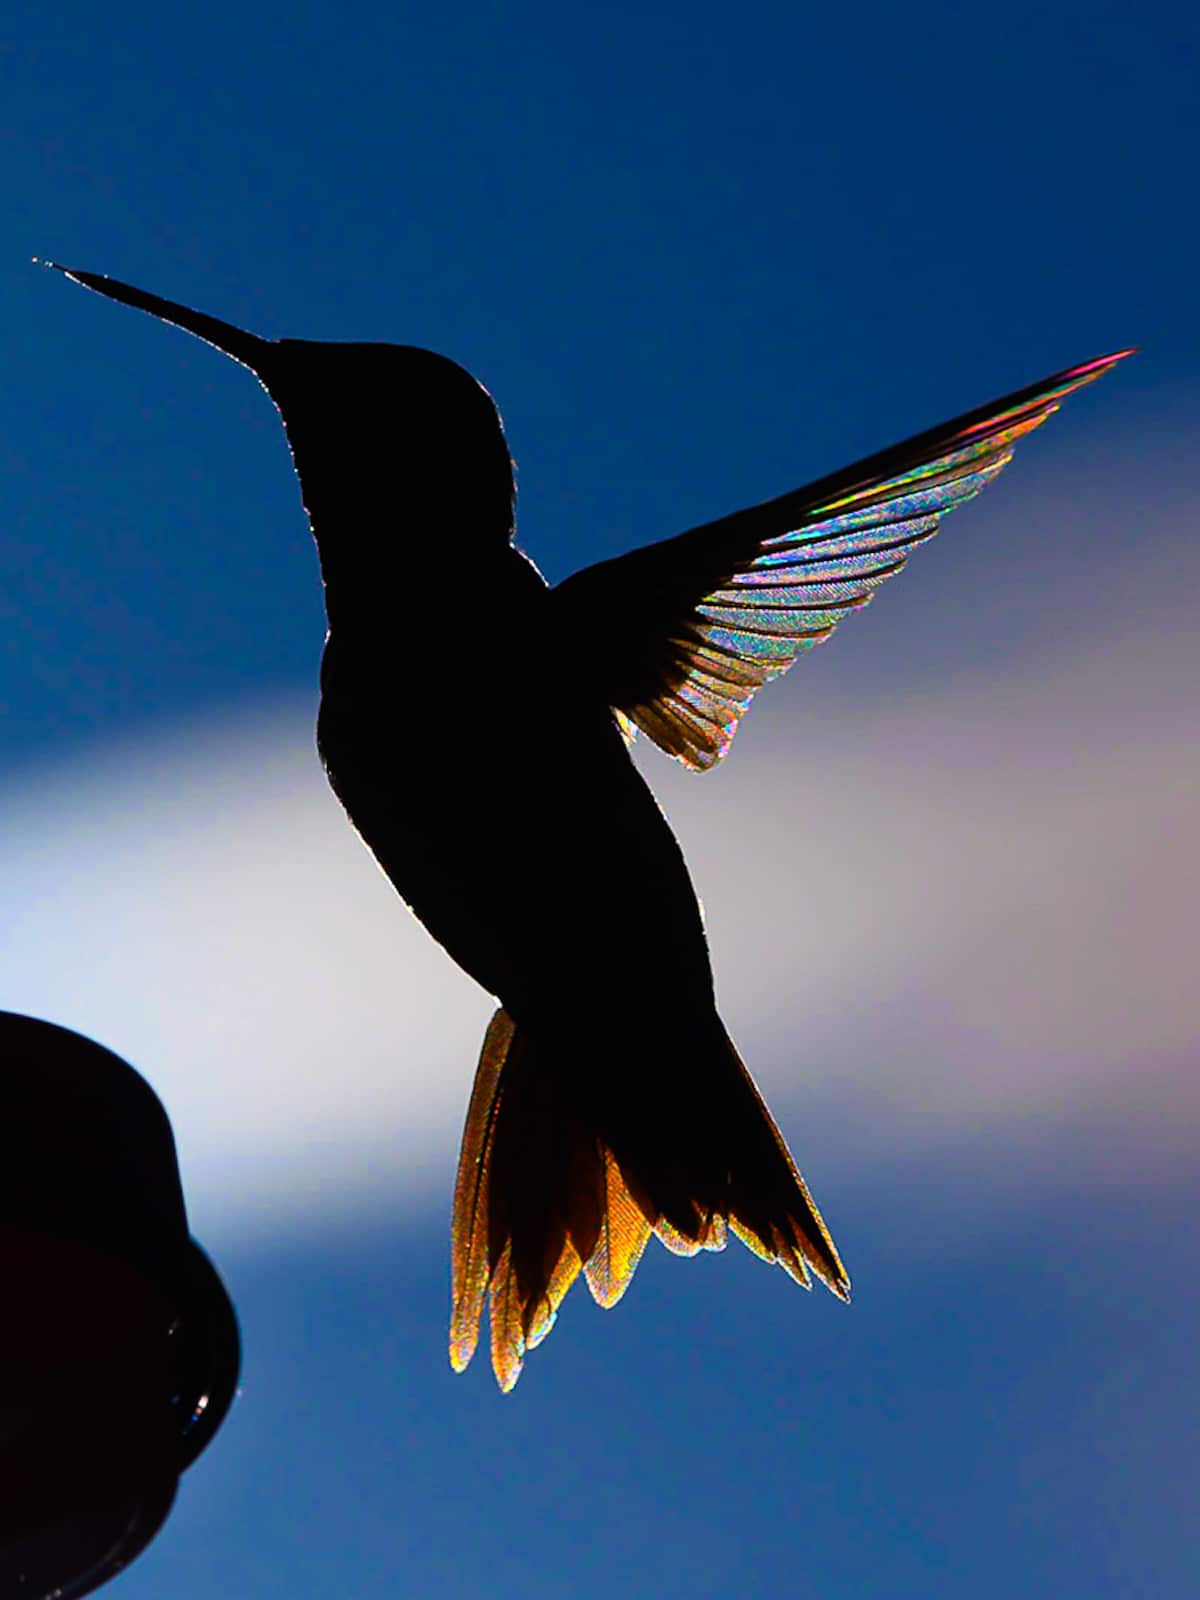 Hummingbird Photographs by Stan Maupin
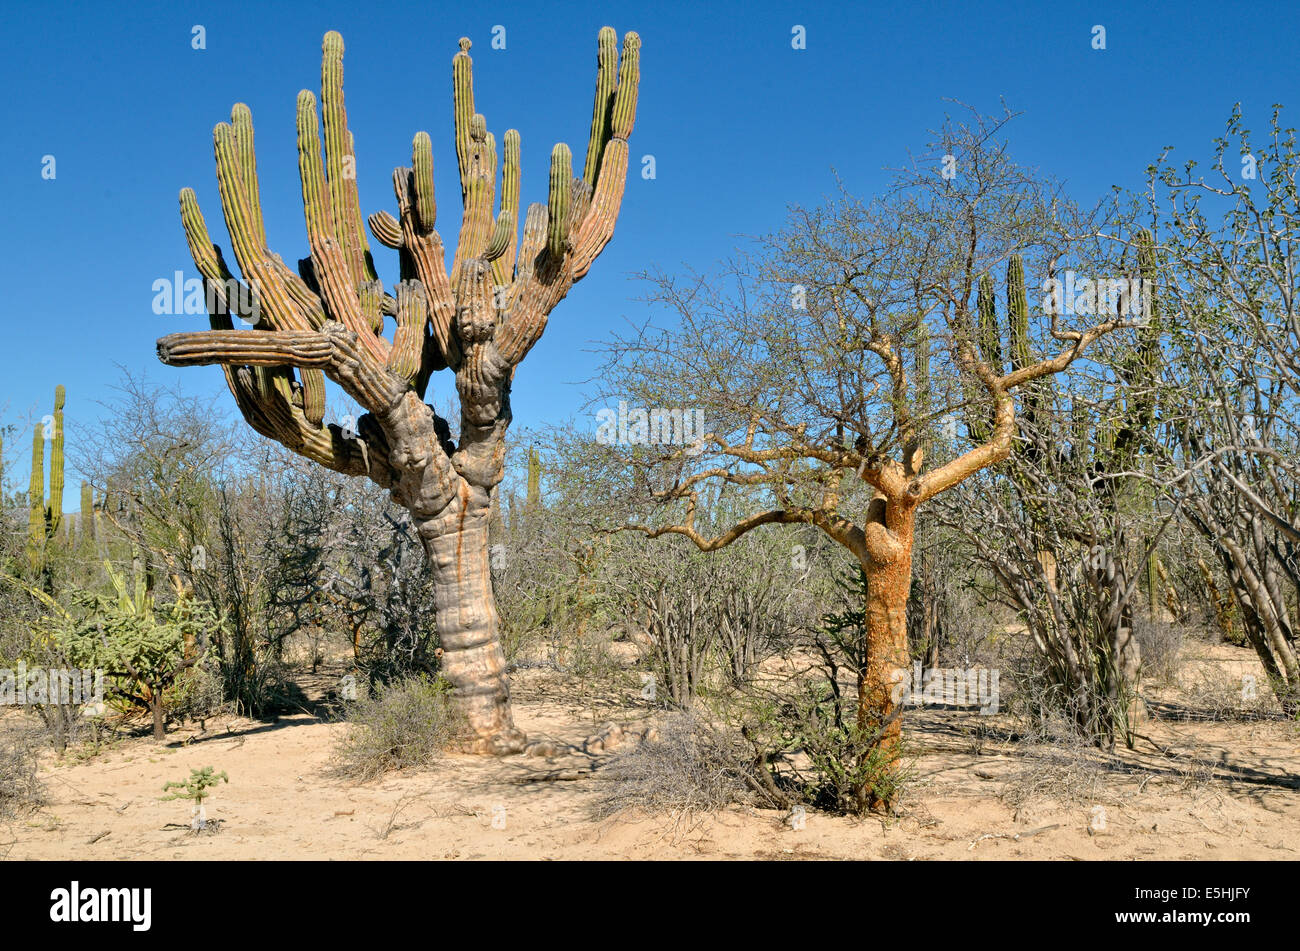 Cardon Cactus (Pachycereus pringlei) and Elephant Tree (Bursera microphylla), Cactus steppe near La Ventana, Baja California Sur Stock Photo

------------------------------------------------------------------------

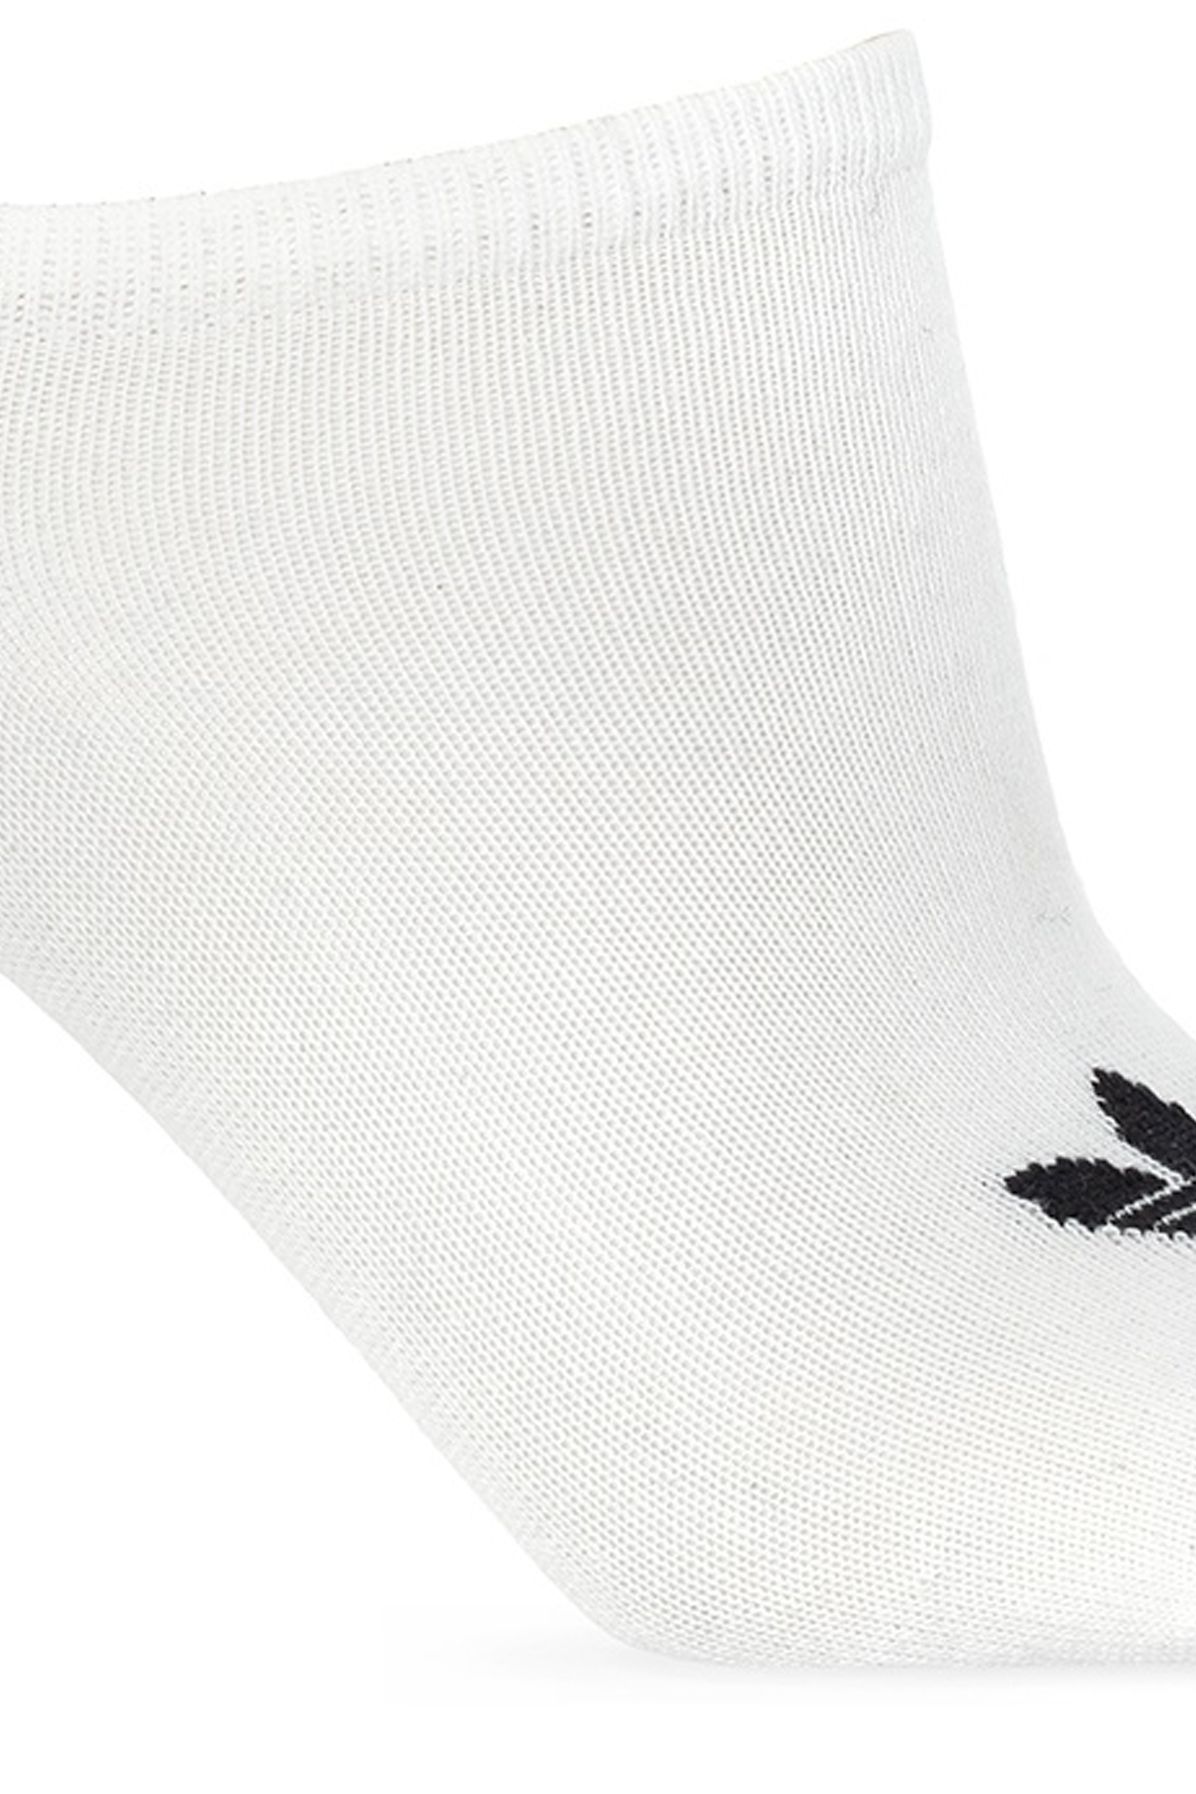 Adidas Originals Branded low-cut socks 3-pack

------------------------------------------------------------------------

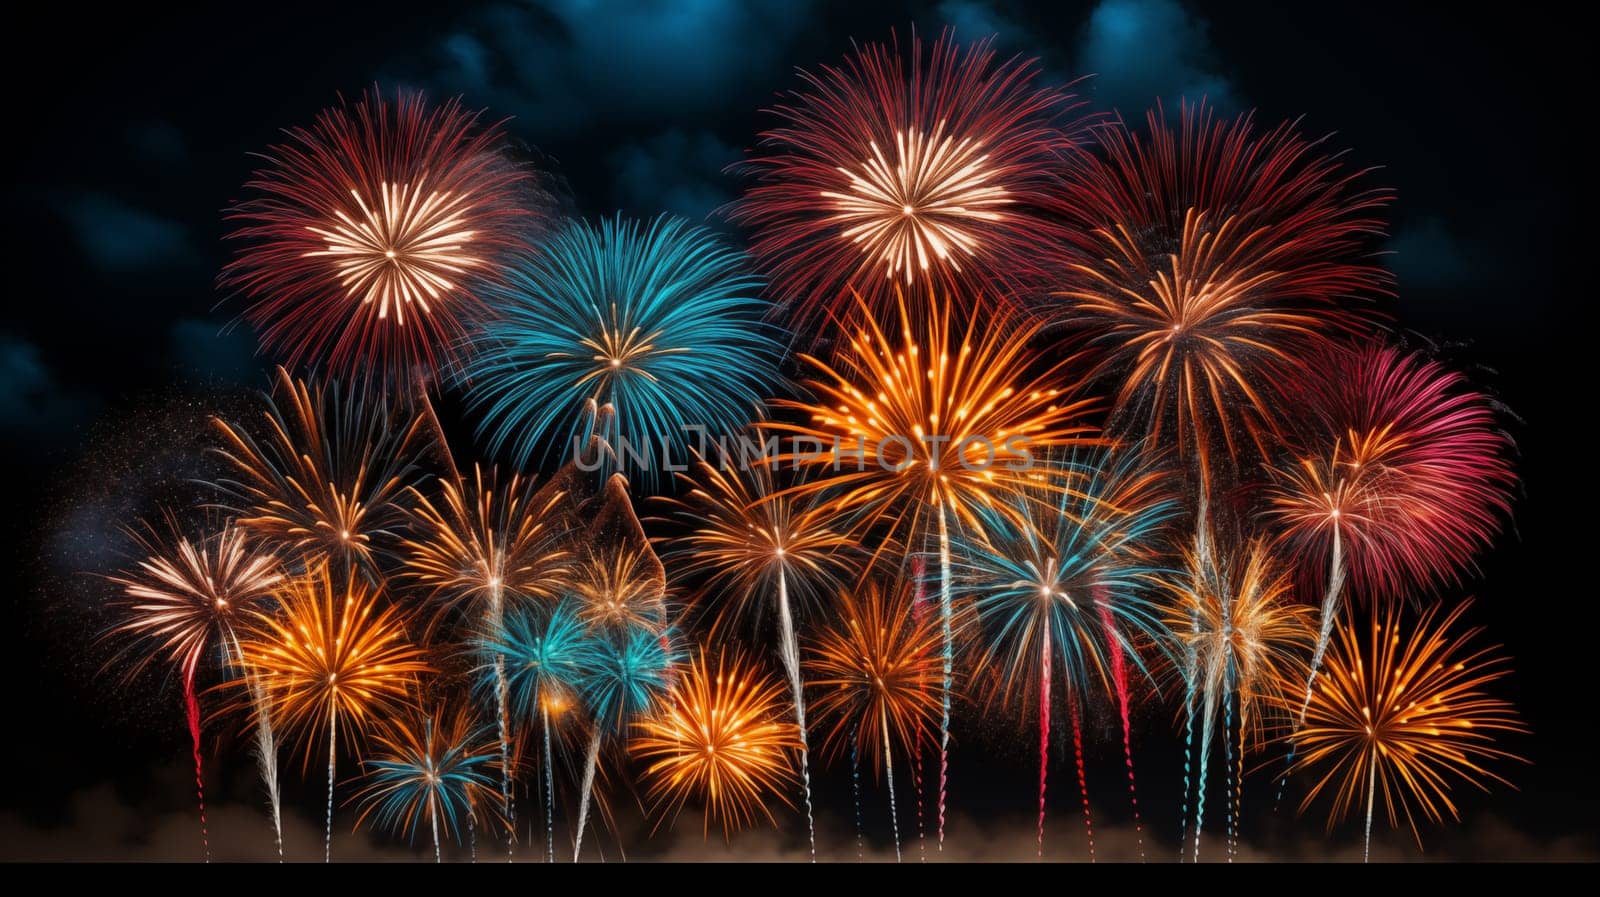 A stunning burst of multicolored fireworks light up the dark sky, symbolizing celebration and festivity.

------------------------------------------------------------------------

Though the entries above contain pictures, none should be copied; reproduce only the lines between the one holding "Hummingbird Photographs by Stan Maupin" and the one holding "Cardon Cactus (Pachycereus", inclusive, exactly as written.

 Hummingbird Photographs by Stan Maupin
 Cardon Cactus (Pachycereus pringlei) and Elephant Tree (Bursera microphylla), Cactus steppe near La Ventana, Baja California Sur Stock Photo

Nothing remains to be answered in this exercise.